== Segment start ==

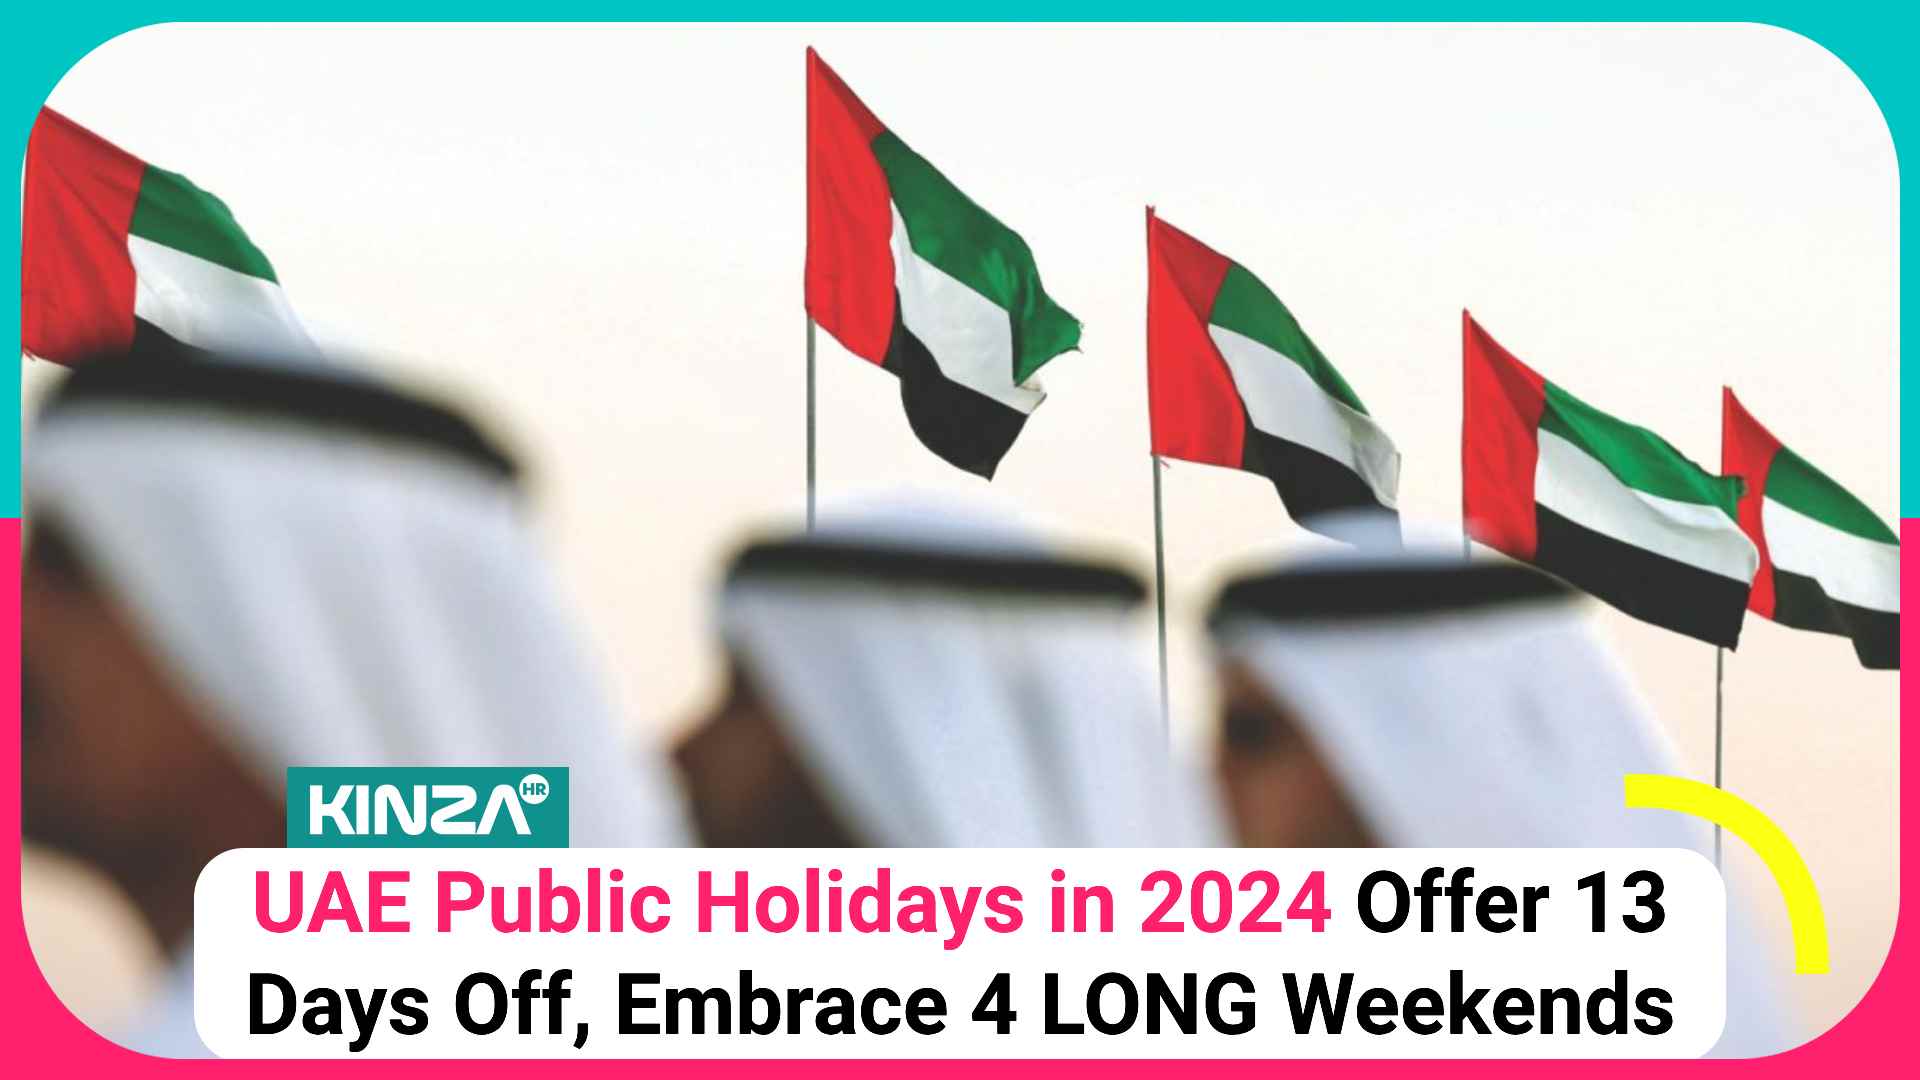 UAE Public Holidays in 2024 Offer 13 Days Off, Embrace 4 LONG Weekends
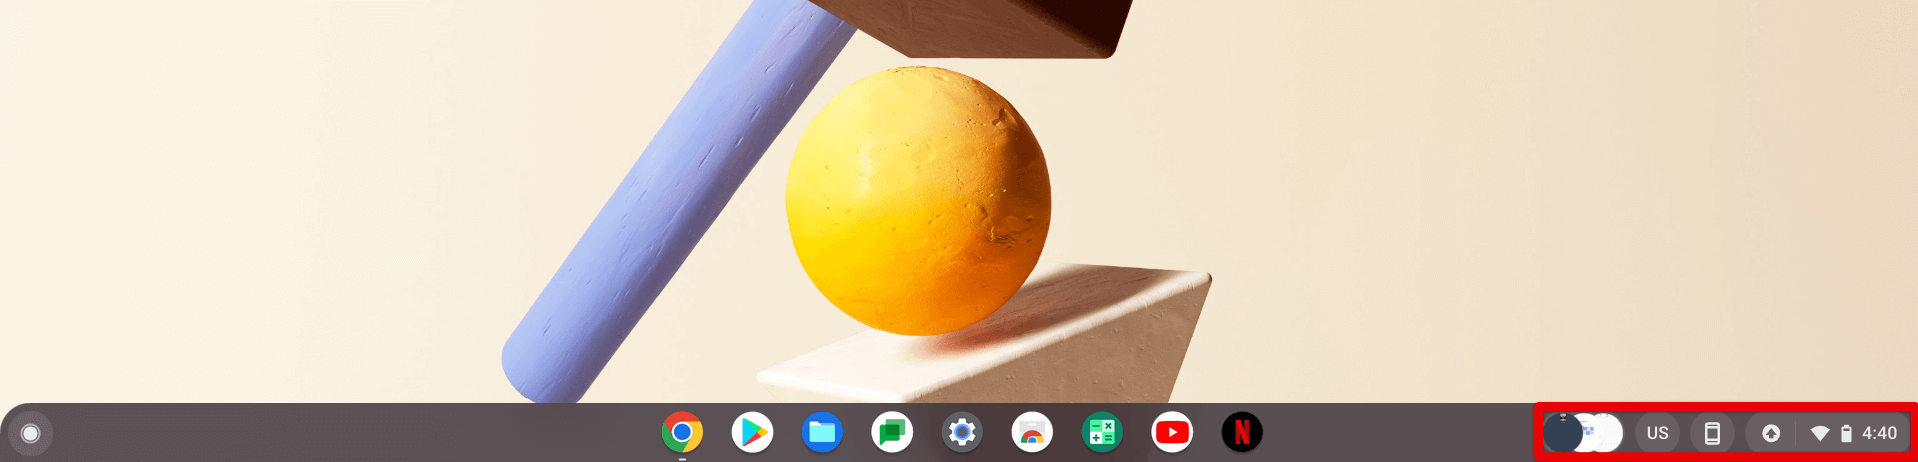 The Chrome OS status bar and all its inclusions
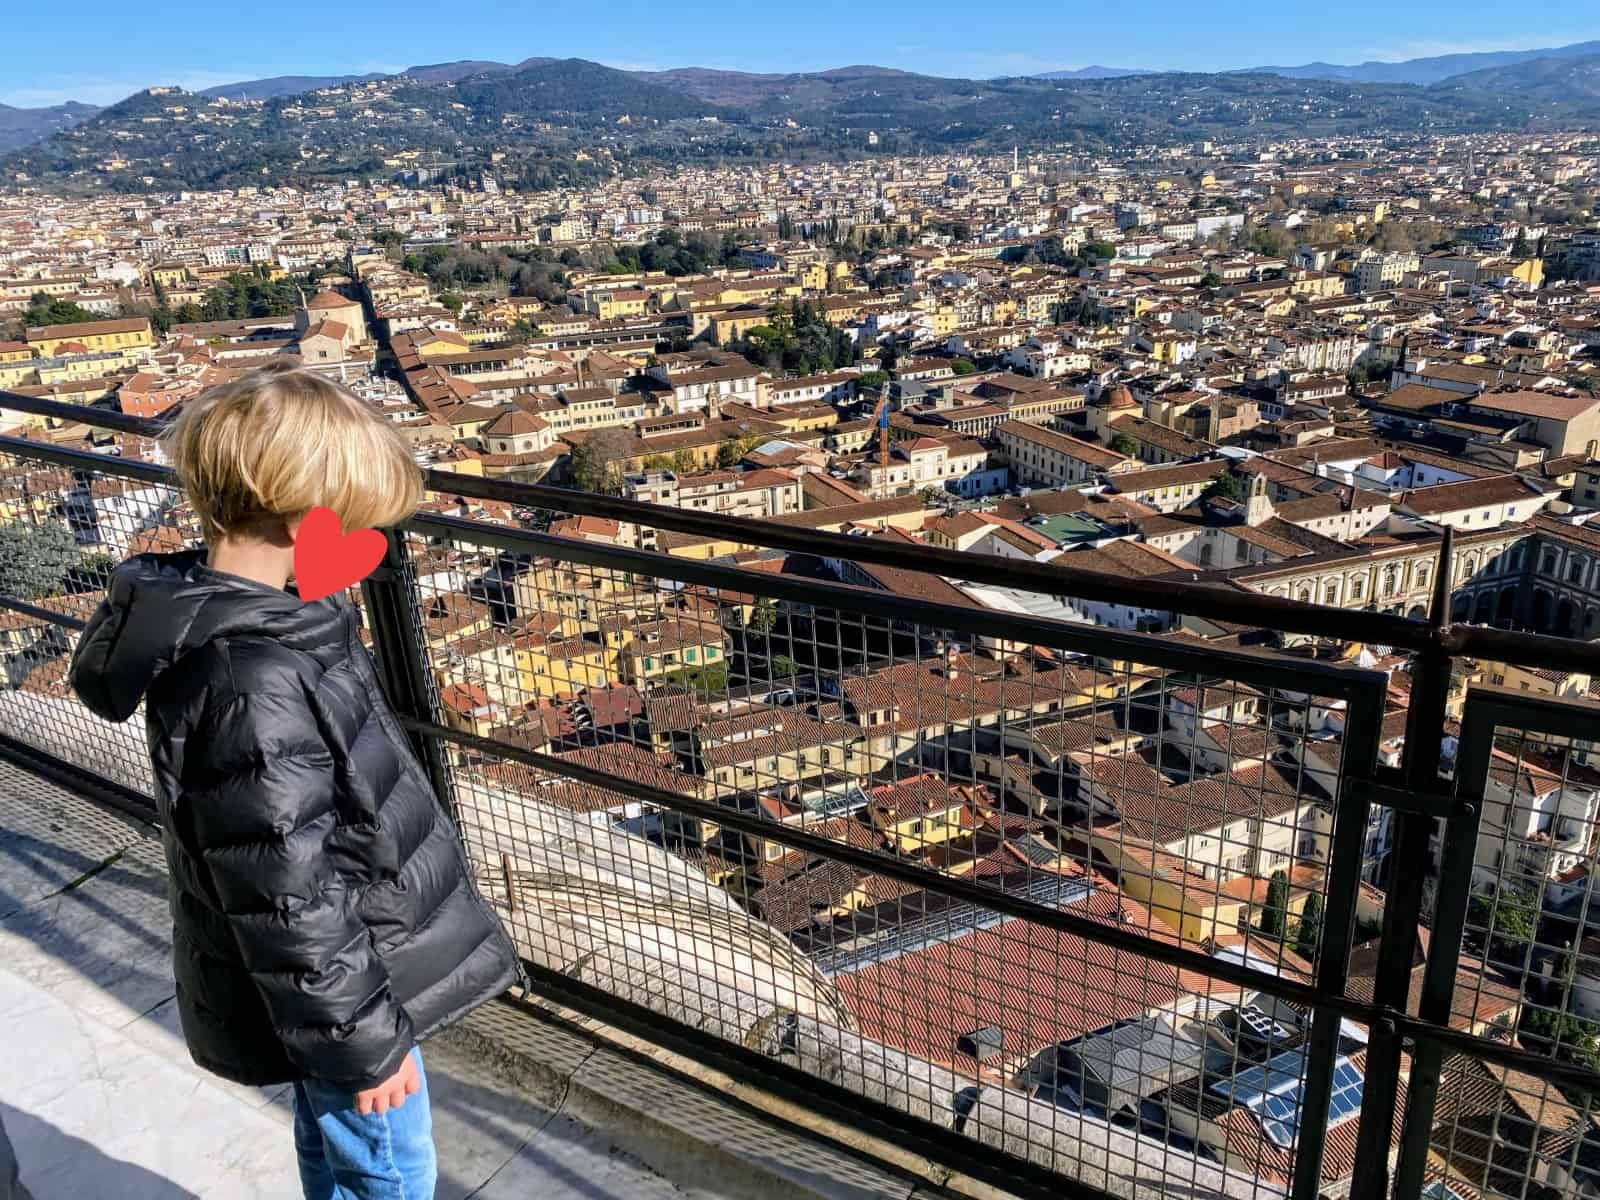 Boy looking at the view of Florence from the top of the Duomo climb. His face is covered with a red graphic heart.

== Segment end ==

## Task details
Images are to be omitted; repeat the remaining data above exactly.

## Output of the exercise
 UAE Public Holidays in 2024 Offer 13 Days Off, Embrace 4 LONG Weekends
 The Chrome OS status bar and all its inclusions
 Boy looking at the view of Florence from the top of the Duomo climb. His face is covered with a red graphic heart.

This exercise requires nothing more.